What Future Lynx isn't is a particularly useful battle field utility helicopter, it would make a good armed scout a la Kiowa but the Army don't want to put weapons on it. A combination of inter-service rivalry and civil service incompetence have prevented them from buying H-60, but that doesn't make Future Lynx a bad aircraft.
Didn't see the MoD millions thing, think I was away, but if it featured Lewis Page take everything he said with a metric ton of salt.
Re: Best of British
Posted: 22 Dec 2010, 16:46
by jonesey2k
Chris Trott wrote: the M240 is also a derivative of the GPMG,
Heh, should have adopted it in the first place instead of M60...

Re: Best of British
Posted: 22 Dec 2010, 17:05
by Chris Trott
If the M240 was man-portable, I might agree to some extent. However, it's heavier and less accurate than the M60 and especially the M60E3 (which is the version US Special Forces are still using). The M240 is only used as a crew-served weapon (3-man crew) or a Vehicle-mounted weapon, making it much less versatile than the M60 was. Then again, the M240 didn't replace the M60, the M249 did.

Re: Best of British
Posted: 22 Dec 2010, 18:54
by NigelC
DarrenL wrote:Slingsby Firefly (made in Yorkshire), Hawk trainers, BN Islanders, BAe 146 and the long serving HS Dominie.
They might not be combat aircraft but they'd hurt if they flew into you.
The sad thing is the Royal Navy, their fixed wing now consists of Hawker Sea Fury, Hawker Sea Hawk and 2 Fairey Swordfish.

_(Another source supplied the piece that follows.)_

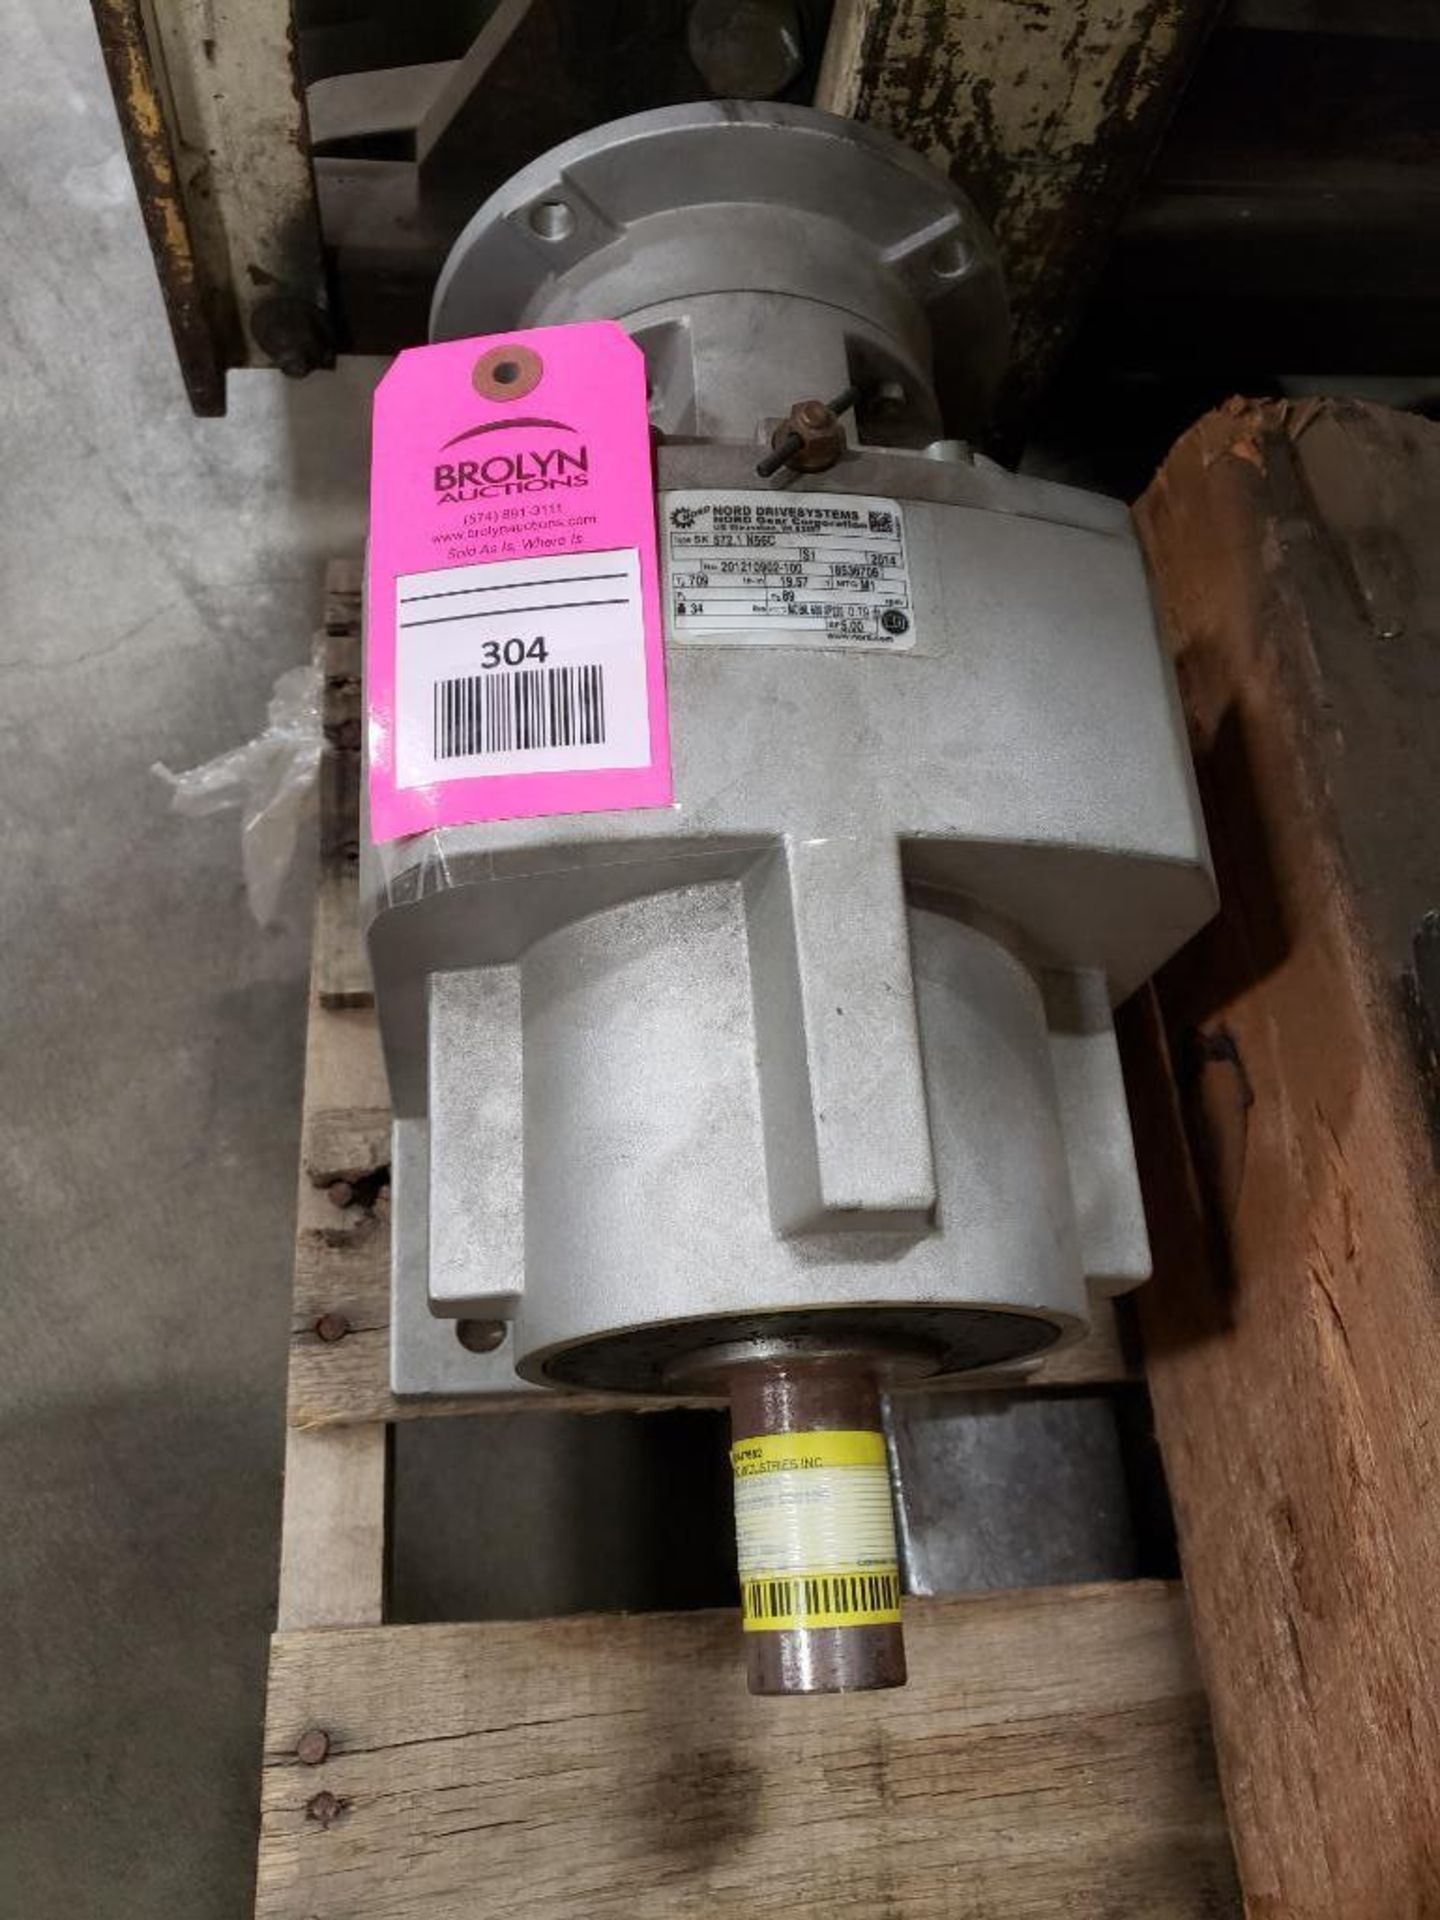 Nord Drive systems gear box model 572.1-N56C, ratio 19.57:1. New as pictured.

Which to think of it isn't that bad actually

I know the Jetstream T3's have gone but aren't the T2's still in service??
Re: Best of British
Posted: 22 Dec 2010, 19:02
by DarrenL
The RAF lost them in 2003 but the Navy still use T2s for training helicopter observers and still have T3s operated by the Heron Flight out of Yeovilton for support and comms. Neither are armed so fall below the Swordfish in terms of MOD defence capable

Re: Best of British
Posted: 22 Dec 2010, 19:24
by DaveB
Aren't they due out of service this coming year or is it 2012?